Democratic presidential hopeful Barack Obama told unionized firefighters Friday that he would stand behind them and provide the wages and resources they deserve—and that others in Washington would not.

“They’ll praise your work in speeches, they’ll honor you as heroes in words, but when it comes to deeds, they make it harder for you to do your job,” Obama said, speaking by phone to the International Association of Fire Fighters leadership convention. “Instead of making your job easier, they create other kinds of fires you have to put out.”

The Illinois senator was the second of six potential 2008 Democratic hopefuls to address the powerful union’s leaders during a two-day meeting in the state with the earliest primary. Obama said he wanted to attend, but was in Iowa, another early voting state.

“On the campaign trail, he’s reaching out to firefighters and others to hear their stories. He’s using what he’s heard from them for the foundation of his policies and proposals,” said Rick Merrill, head of the Illinois IAFF. “We’ve seen him grow from a local legislator to a prominent national figure.”

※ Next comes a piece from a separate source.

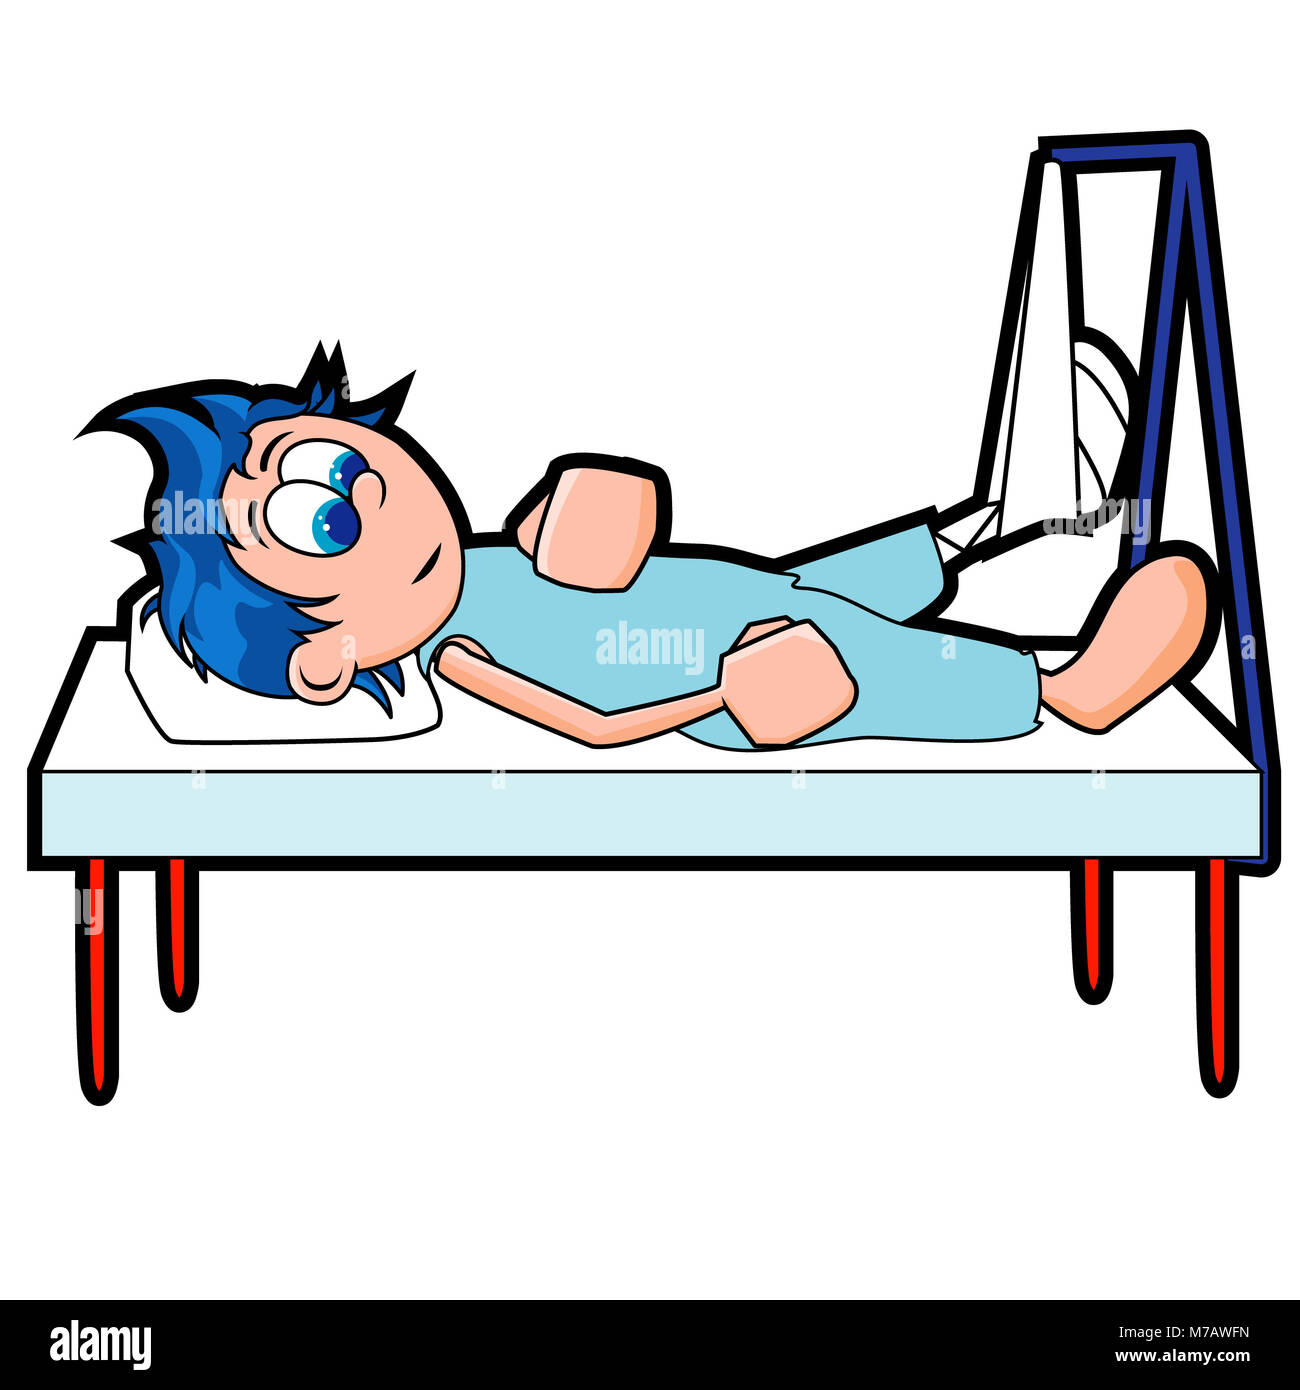 Patient allongé sur un lit d'hôpital avec sa jambe en traction Banque D'Images

Later Friday, union leaders were slated to hear in person from Sens. Chris Dodd, Joe Biden, Hillary Rodham Clinton and John Edwards.

Obama’s comments echoed those of New Mexico Gov. Bill Richardson, who told the group Thursday that, unlike some other contenders, he has a strong record of supporting unions.

‘I’ll always be with you’
“There are a lot of candidates who will come up and take a picture with you and make you promises, but when it’s time to deliver, maybe they’ll be with you. ... I’ll always be with you,” Richardson said.

Two months ago, 11 candidates spoke to more than 1,000 union members in Washington. The New Hampshire convention involved only a few dozen union leaders from around the country, a move they hope will allow them to evaluate the candidates more informally. The union will not endorse anyone until August, at the earliest.

An IAFF survey after the March gathering showed high marks for Clinton, Edwards, Dodd and Biden, along with Richardson. Delegates were decidedly unimpressed by Obama.

“It was a reflection of one performance on one day,” said IAFF President Harold Schaitberger.

Obama said Friday his March remarks were somber, but shouldn’t be construed as a lack of excitement to work with firefighters.

“If I need to fire folks up, I can do it,” Obama said. “I’ve heard I can give a pretty good speech.”

The union backed John Kerry in 2003.